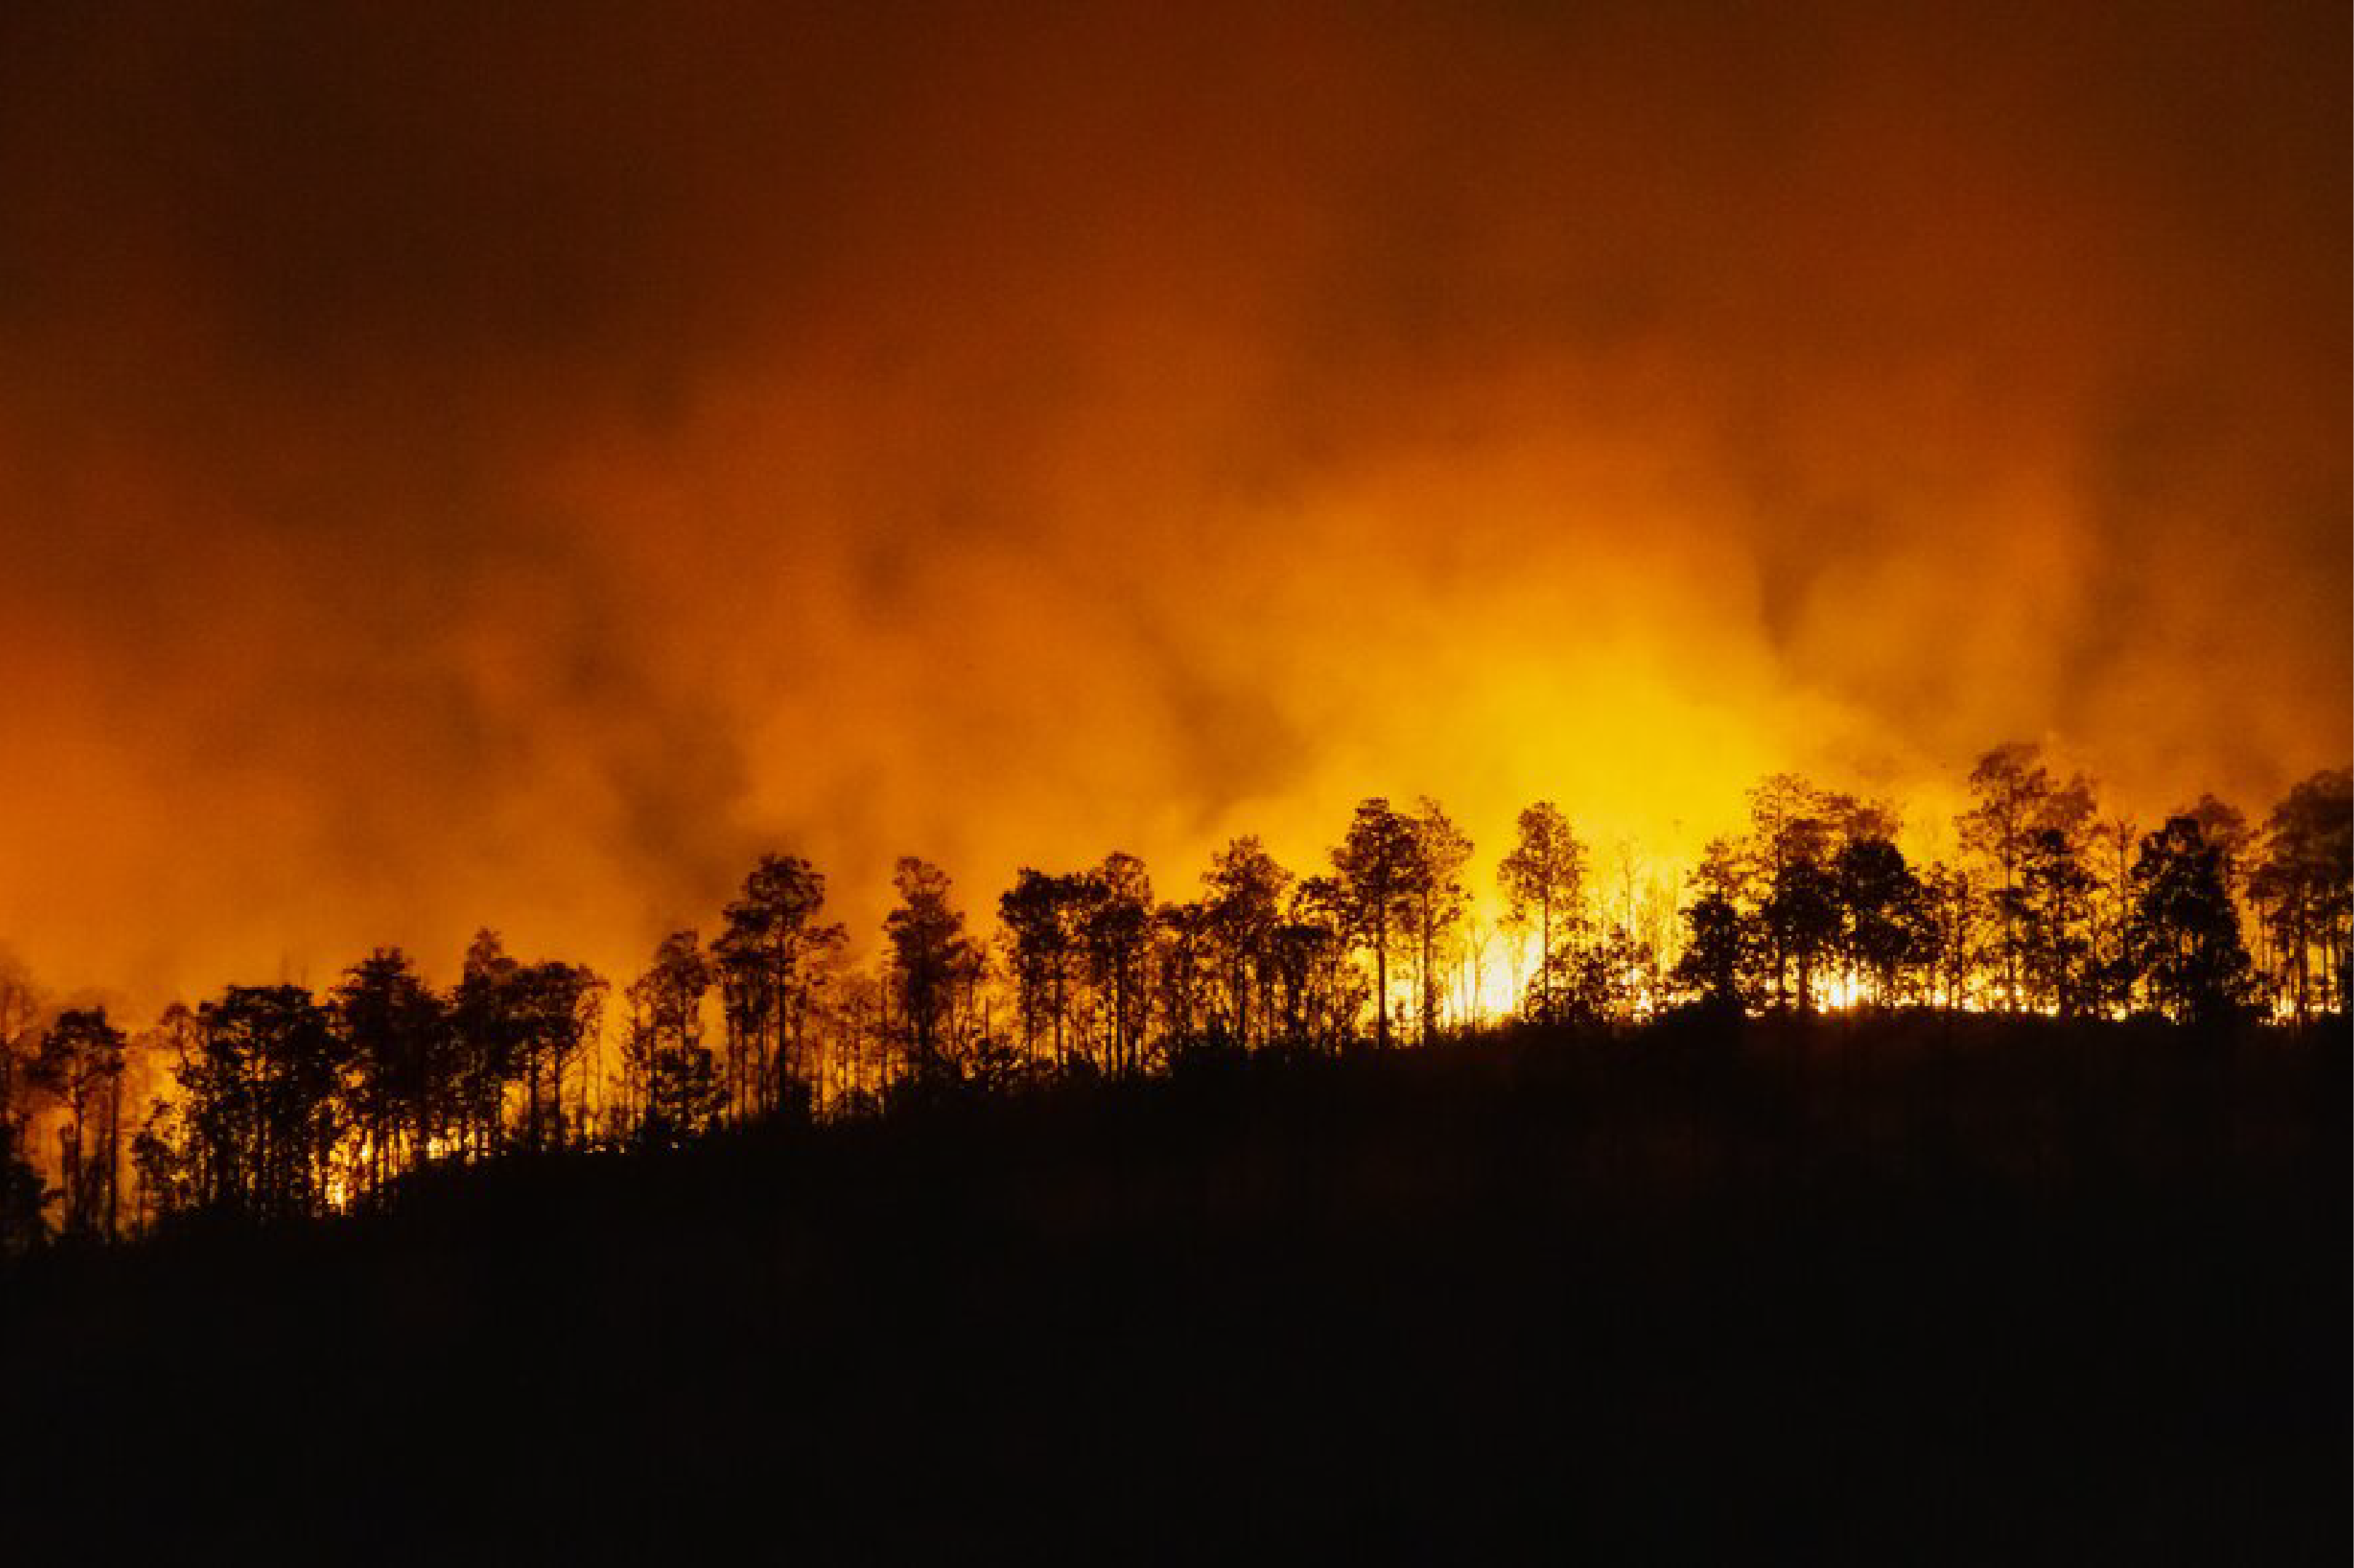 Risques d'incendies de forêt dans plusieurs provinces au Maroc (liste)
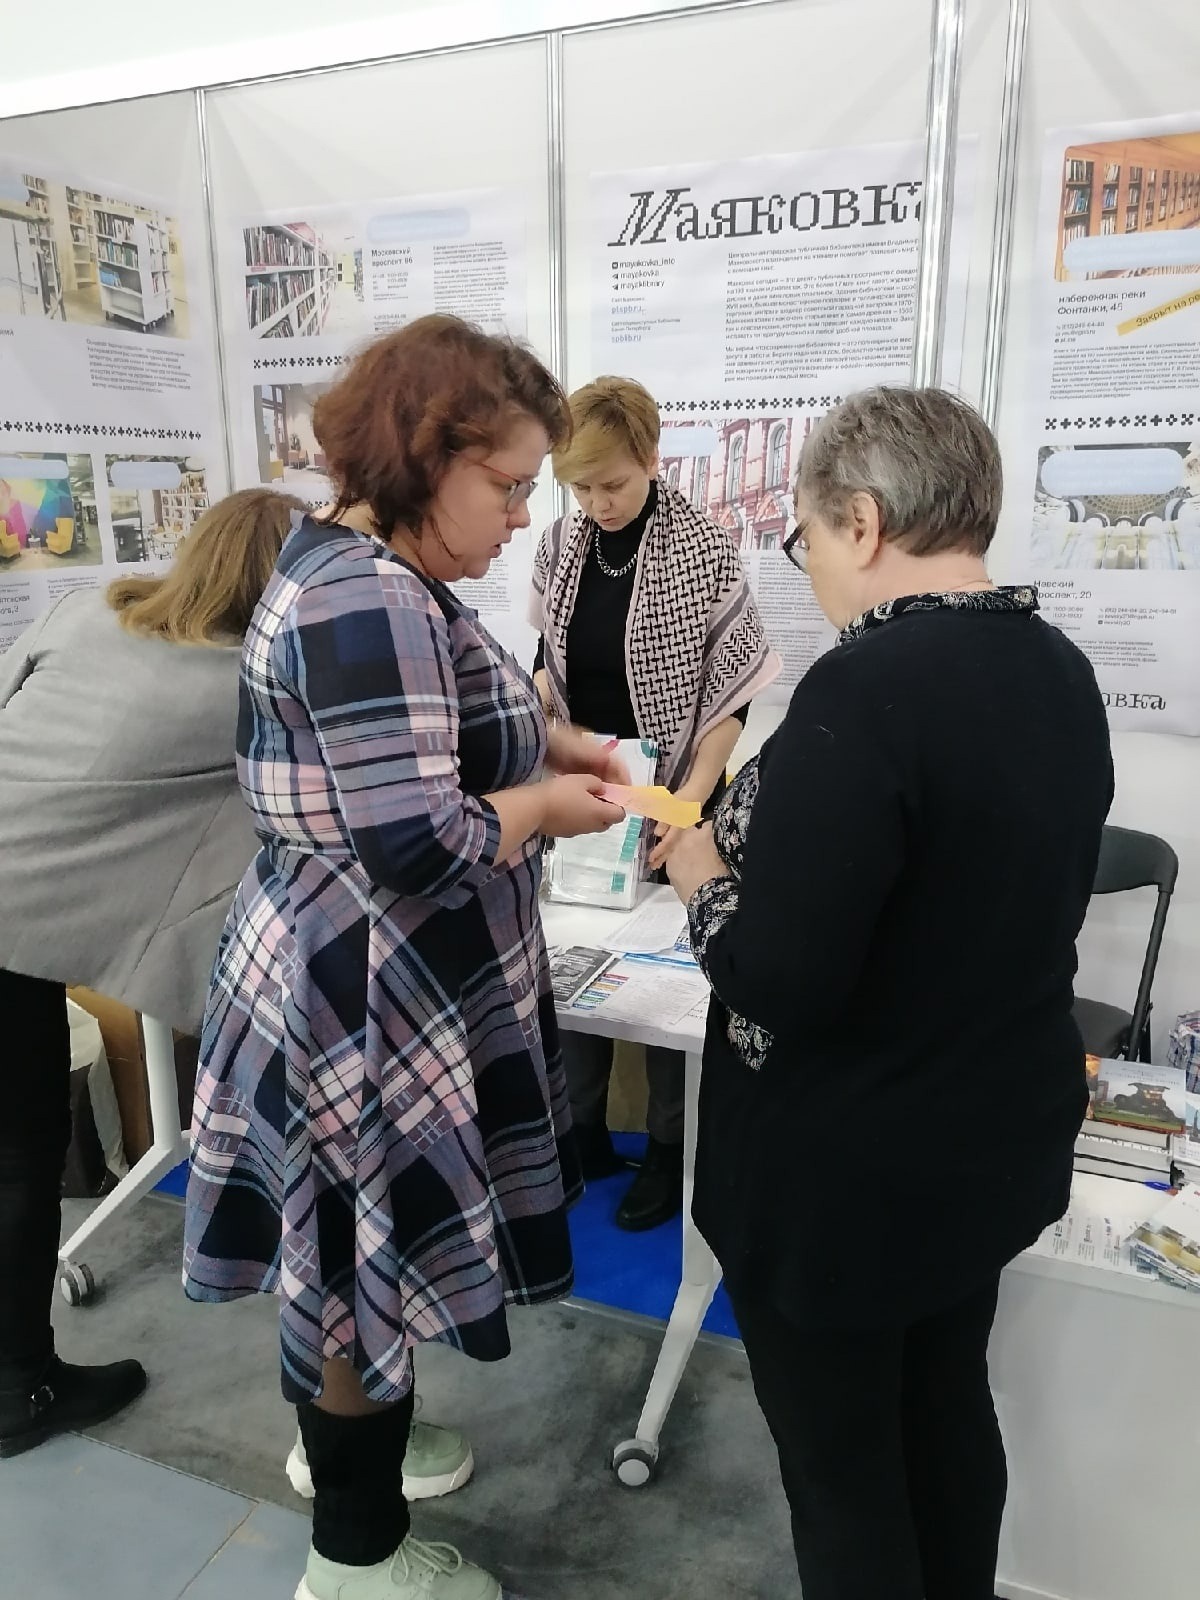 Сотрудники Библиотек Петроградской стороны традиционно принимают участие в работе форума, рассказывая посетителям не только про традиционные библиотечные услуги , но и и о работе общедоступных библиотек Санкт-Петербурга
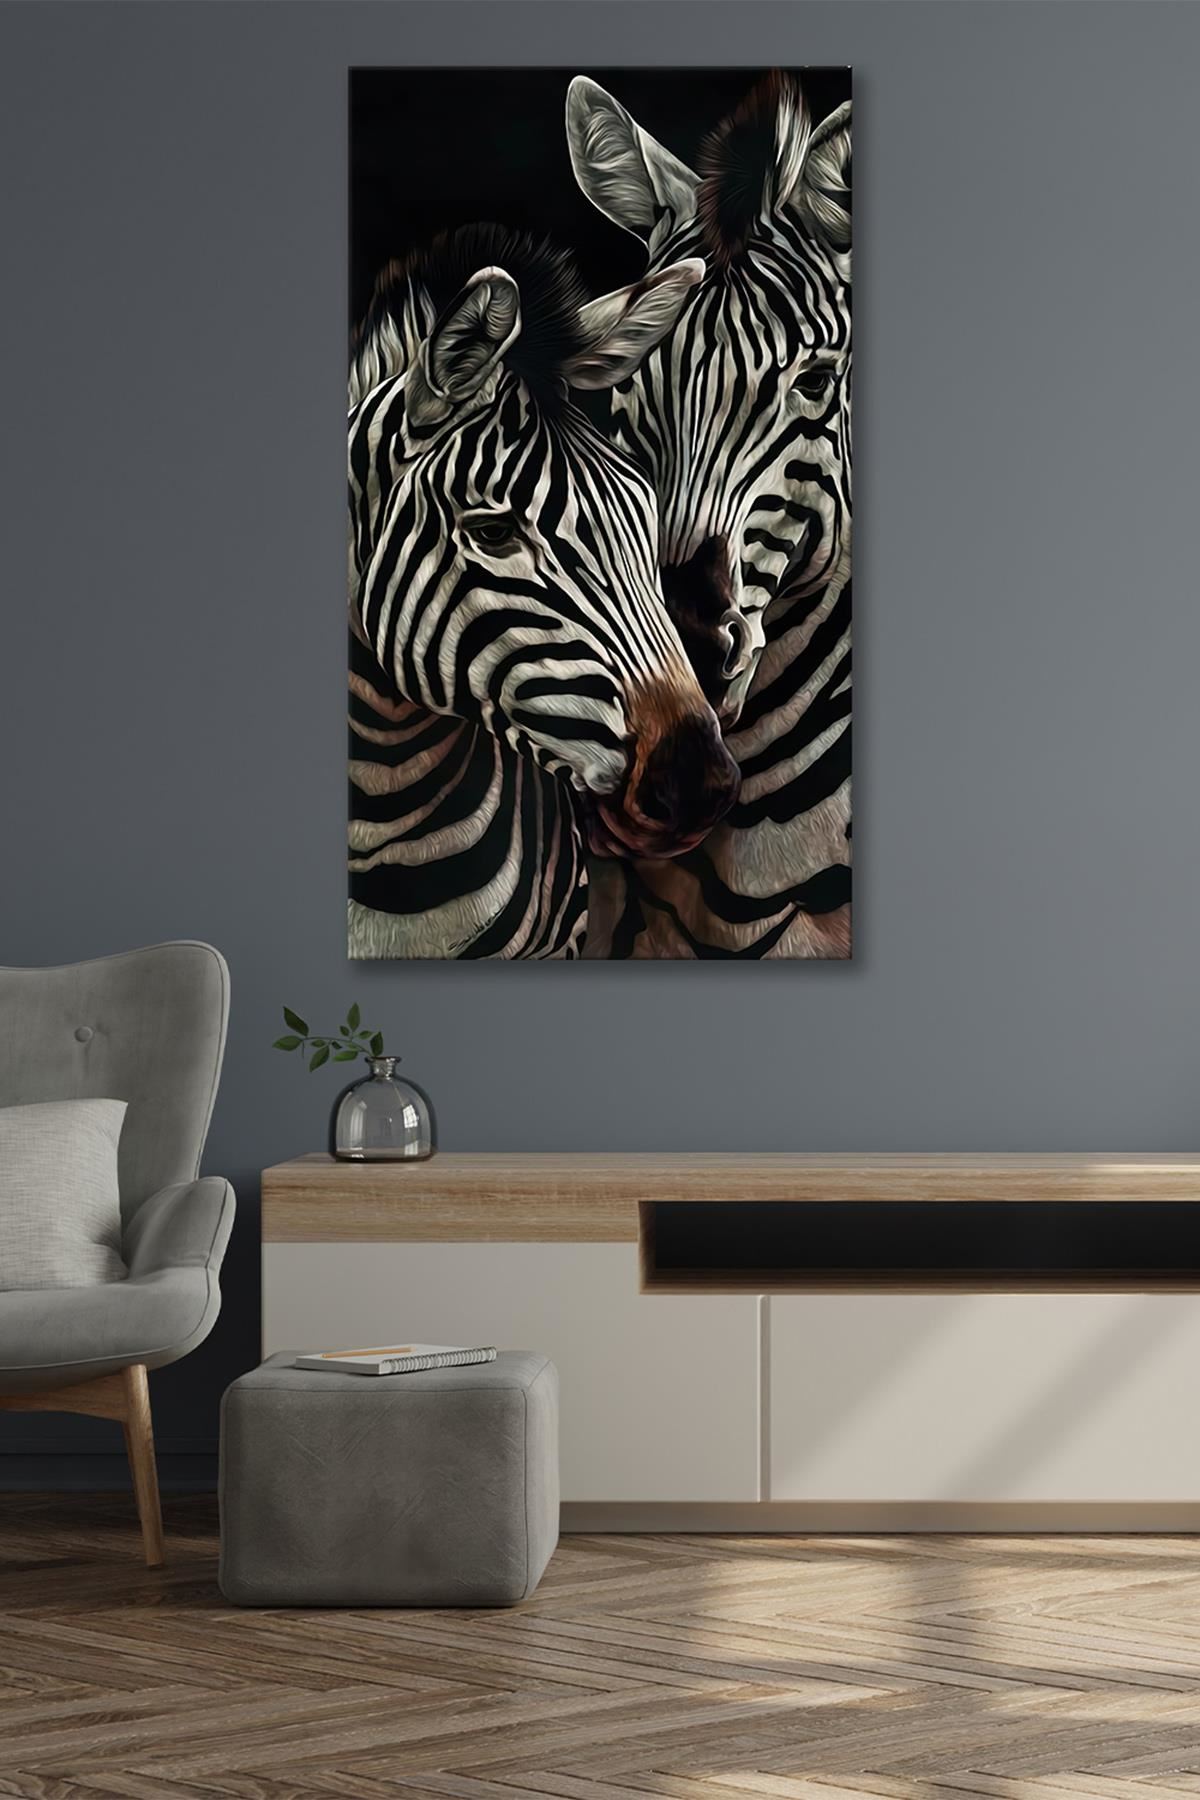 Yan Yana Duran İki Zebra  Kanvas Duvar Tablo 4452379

———

WHAT YOU ARE ASKED TO DO: The data must be printed exactly, image-free.

ANSWER SPACE:
 Risques d'incendies de forêt dans plusieurs provinces au Maroc (liste)
 Сотрудники Библиотек Петроградской стороны традиционно принимают участие в работе форума, рассказывая посетителям не только про традиционные библиотечные услуги , но и и о работе общедоступных библиотек Санкт-Петербурга
 Yan Yana Duran İki Zebra  Kanvas Duvar Tablo 4452379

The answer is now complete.